I have written a Rust program that searches for these optimal permutations and prints out the resulting score. @mihaild points out in the math.stackexchange post that it seems likely the to be the sequence A116702 but I would like to get further than 7 terms in. So, if you have any optimizations, please do not assume the two sequences are equivalent (that is what we are trying to confirm or deny after all!) Here is the Rust program:
src/main.rs
use std::collections::HashSet;
use itertools::Itertools;
/// Count the number of subsequences in a permutation.
fn subsequences(s: &mut Vec<usize>) -> HashSet<Vec<usize>> {
if let Some((head, tail)) = s.split_first() {
// Get all the subsequences of the tail via recursion.
let h = subsequences(&mut Vec::from(tail));
let mut h_new = HashSet::new();
// Because it is a permutation, map the head to each sequence in h to
// add on to the other sequences.
for seq in h.iter() {
let mut v = Vec::new();
v.push(*head);
for e in seq.into_iter() {
v.push(*e);
}
h_new.insert(v);
}
h_new.extend(h);
h_new
} else {
let mut h = HashSet::new();
h.insert(Vec::new());
h
}
}
/// Compute f(n, 3) where:
/// f(n, 3) = max_{s1,s2,s3} |subseq(s1) U subseq(s2) U subseq(s3)|
/// See https://math.stackexchange.com/q/5083318/15140
fn max3_subseq<const N: usize>() -> usize {
let mut best_len = 0;
// One permutation may be fixed to be 12345...N
let mut s1 = (0..N).collect();
// As for the others, it is not so clear.
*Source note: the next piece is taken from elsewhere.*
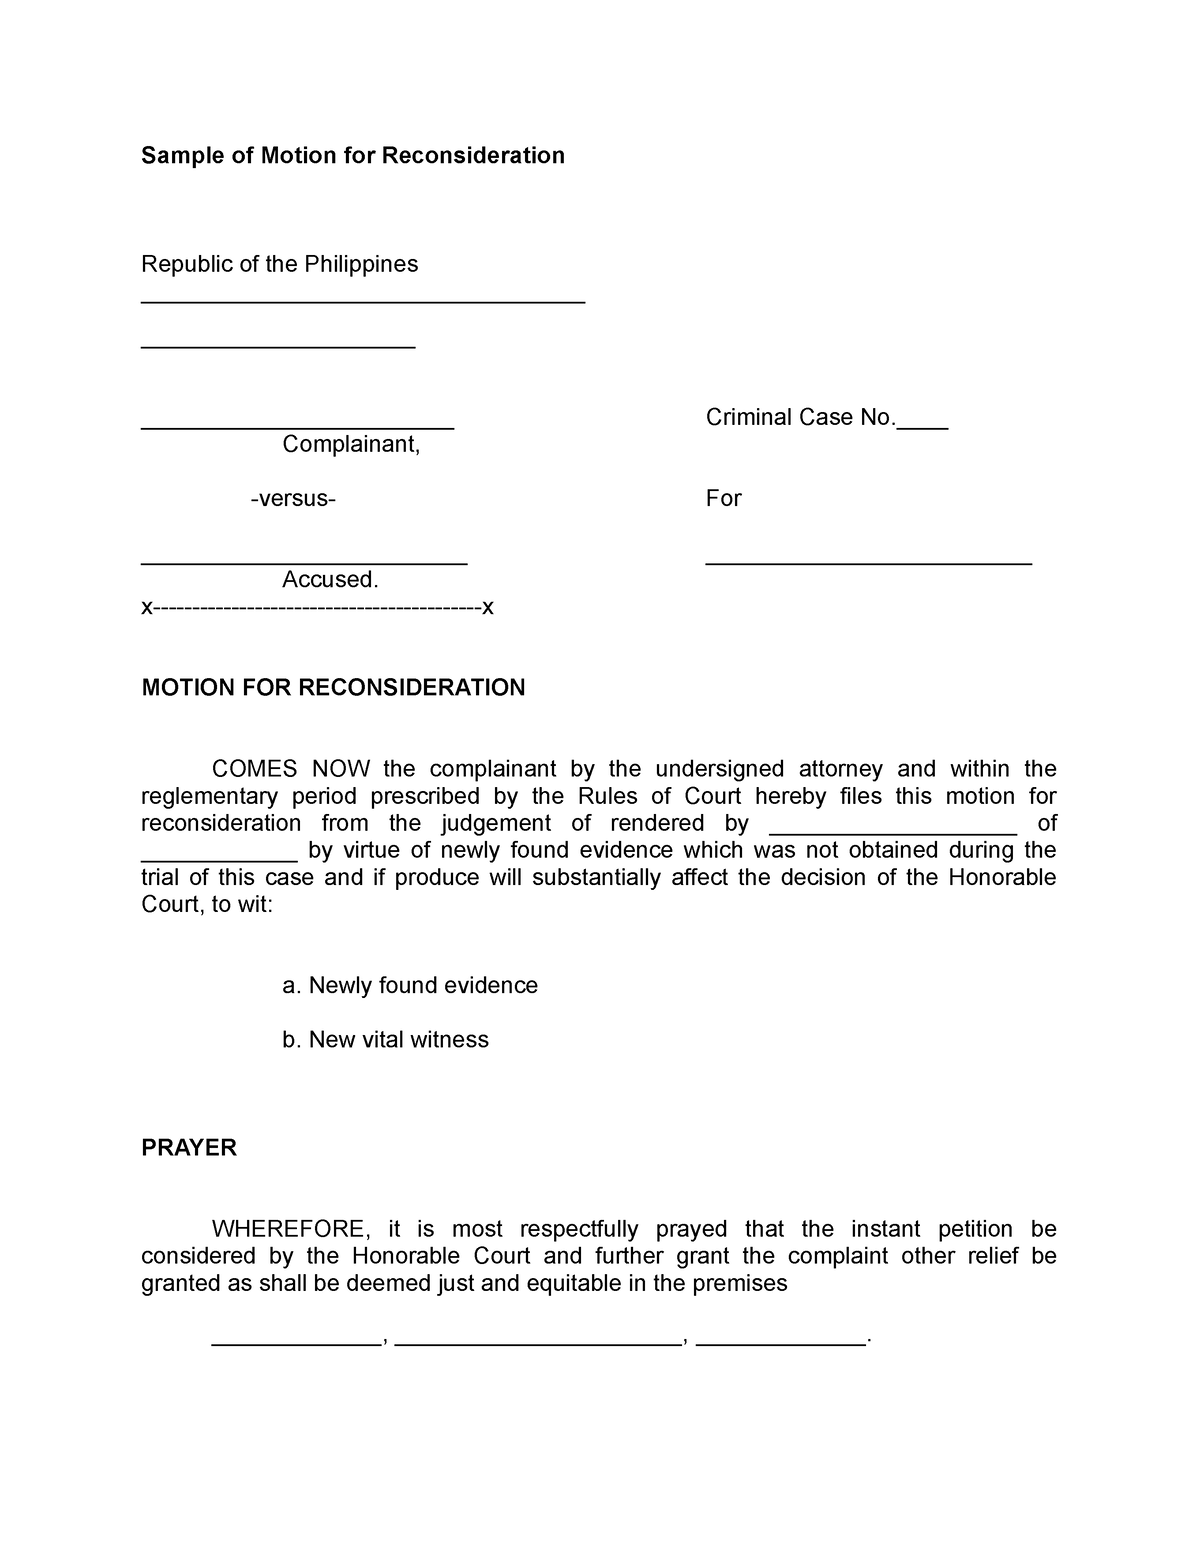 Motion For Reconsideration Sample Form Philippines

let seqs1 = subsequences(&mut s1);
for mut s2 in (0..N).permutations(N) {
let seqs2 = subsequences(&mut s2);
for mut s3 in (0..N).permutations(N) {
let seqs3 = subsequences(&mut s3);
let mut seqs = HashSet::new();
seqs.extend(&seqs1);
seqs.extend(&seqs2);
seqs.extend(&seqs3);
if seqs.len() > best_len {
best_len = seqs.len();
}
}
}
best_len
}
fn main() {
// I wish there was a way to propegate constants in simple loops.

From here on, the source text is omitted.